First, the software doing that retrieval is not very "smart". It isn't always fantastic at determining what is relevant.
Second, the way current LLMs work --- at least insofar as I've looked --- is to try to generate text that would follow subsequent to the prompt by predicting tokens that are probable based on what it's seen.
But...what it's getting, in the background, in the prompt is a bunch of discombobulated snippets of text. And my experience is that if you want to generate text in some style, like that of a novel, seeing a bunch of snippets isn't great for that, since that doesn't look much like a novel. It may be that there are techniques for dealing with that.
Third, this also doesn't work well with the K-V cache approach, since each prompt that actually goes to the LLM can look completely different from the previous one, so you'll constantly be getting cache misses and having to recompute stuff.
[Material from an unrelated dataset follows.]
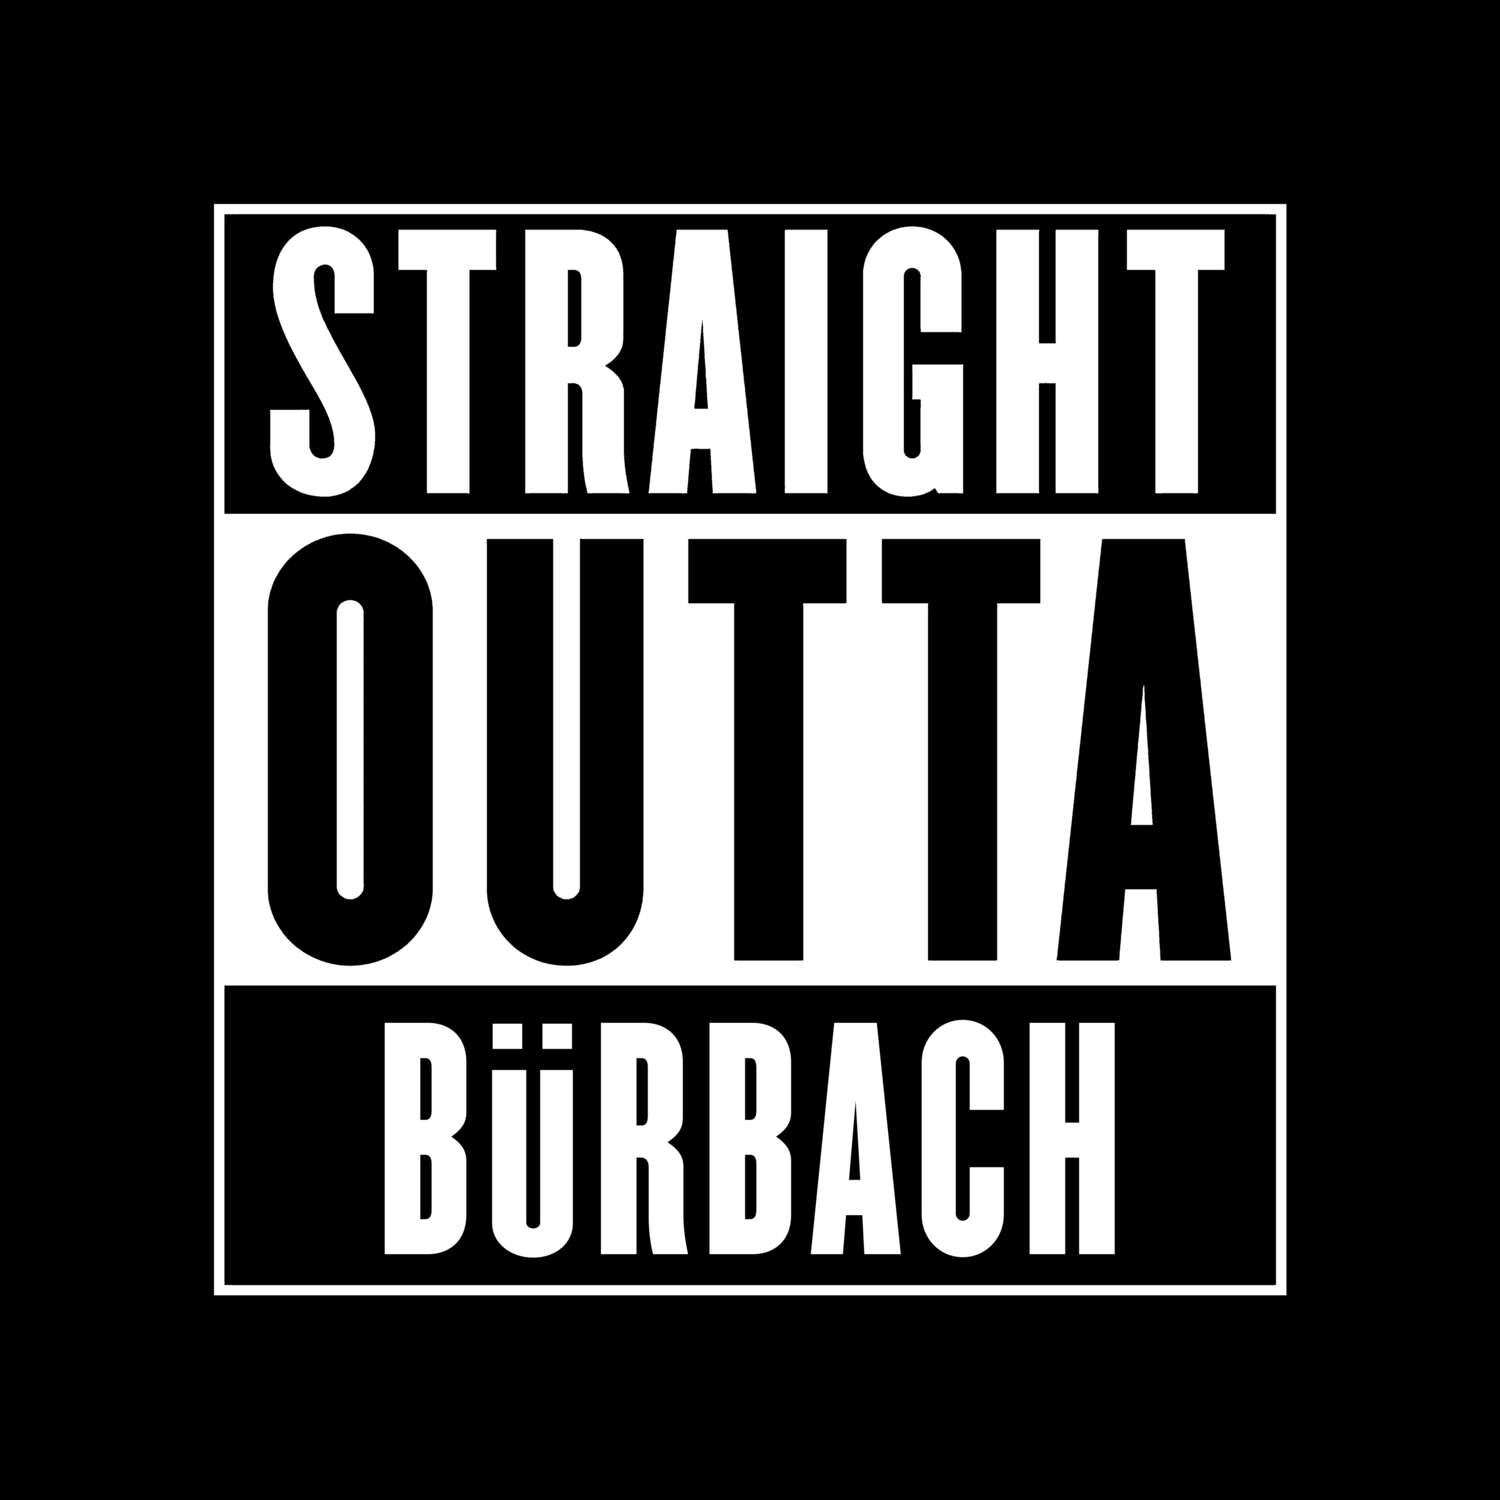 Bürbach T-Shirt »Straight Outta«

My own bet is that what we're going to wind up doing is having some form of new data structure --- possibly a neural net, but might look somewhat different from the multilayer model used by the LLM to store static memories, IMHO. I wouldn't be terribly surprised if this is something more like a directed acyclic graph, and I'd guess that it'll also do something akin to how red-black tree rotations see constant accesses restructure the data structure to bring more-frequently-used nodes closer to each other (though I don't personally think that it'll just be doing specifically a rotation. I'm just providing an example of another datastructure that dynamically restructures itself based on use). That'll be a mutable memory, to act like the "context" that human minds have when they're working on a problem. It'll provide properties that today human minds have and LLMs don't, like where repeatedly doing something makes you better at it. Just as we mentally associate things that we've experienced in the past together, so too will future AIs.
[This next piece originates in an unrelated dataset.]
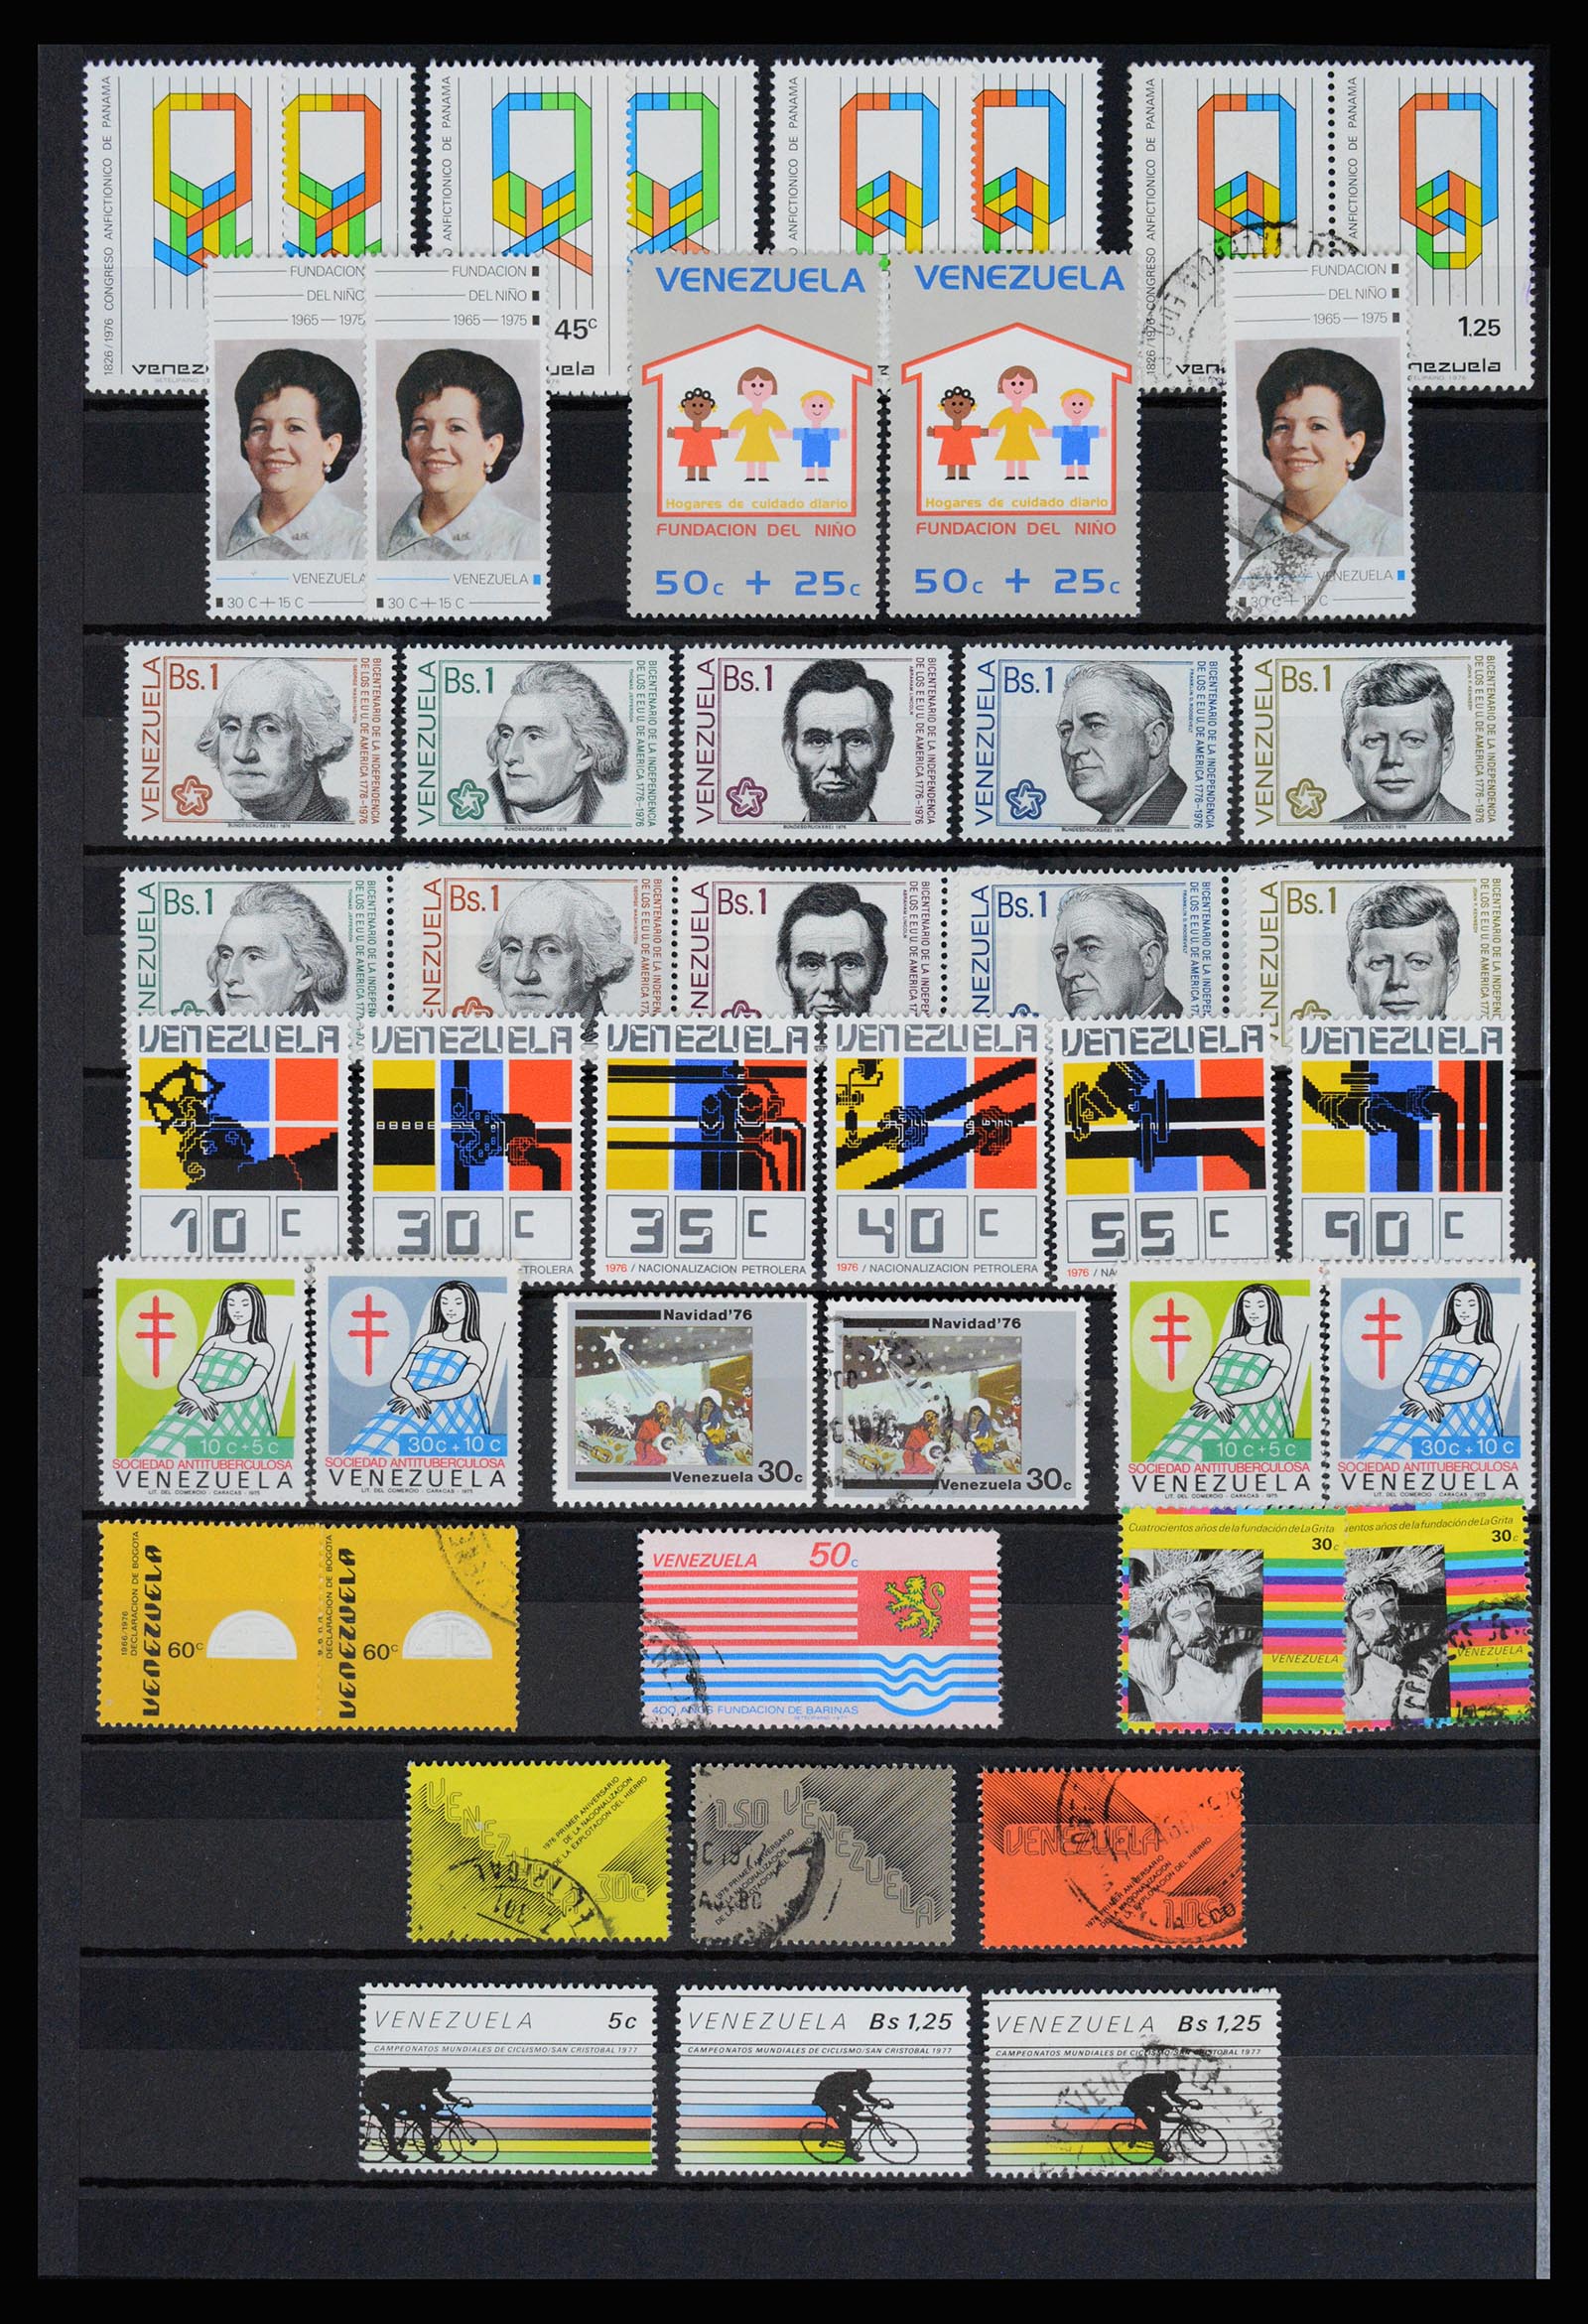 36987 073 - Stamp collection 36987 Venezuela 1860-1995.

It may also be that something like this replaces in part the multilayer neural nets that are LLMs today. My own personal bet is that ultimately, a lot of the way advanced AIs work will not be LLM-based; LLMs just don't have properties that mirror how human minds in a number of ways. Maybe advanced AIs will incorporate an LLM as a component.
But --- and I haven't been following the research closely here --- I don't think that that's currently something being worked on, or at least not widely.
But I do think that, yes, advanced AIs are going to need the ability to do something like that as they head towards approach human capabilities.
Ai will be running bunkers for the billionaires by then.
Advocating for AI isn't liking anchovies on pizza...
It's like asking why people don't like a crackhead smoking crack in elementary classrooms while class is happening.
And then after the crackhead shits in the water fountain and takes all the kids lunch money.
It's reayan apt comparison. AI is like letting crackheads live in elementary schools with zero oversight.
OpenAI claims that is solved it without regurgitating what was fed into the model, but they have lied about that kind of thing before.
If this sounds familiar to you, it’s because this isn’t the first time OpenAI has made such a bold claim. Seven months ago, the AI giant’s former VP Kevin Weil posted on X: “GPT-5 found solutions to 10 (!) previously unsolved Erdős problems and made progress on 11 others.”
It turns out, GPT-5 didn’t actually solve those problems; it just found solutions that already existed in the literature.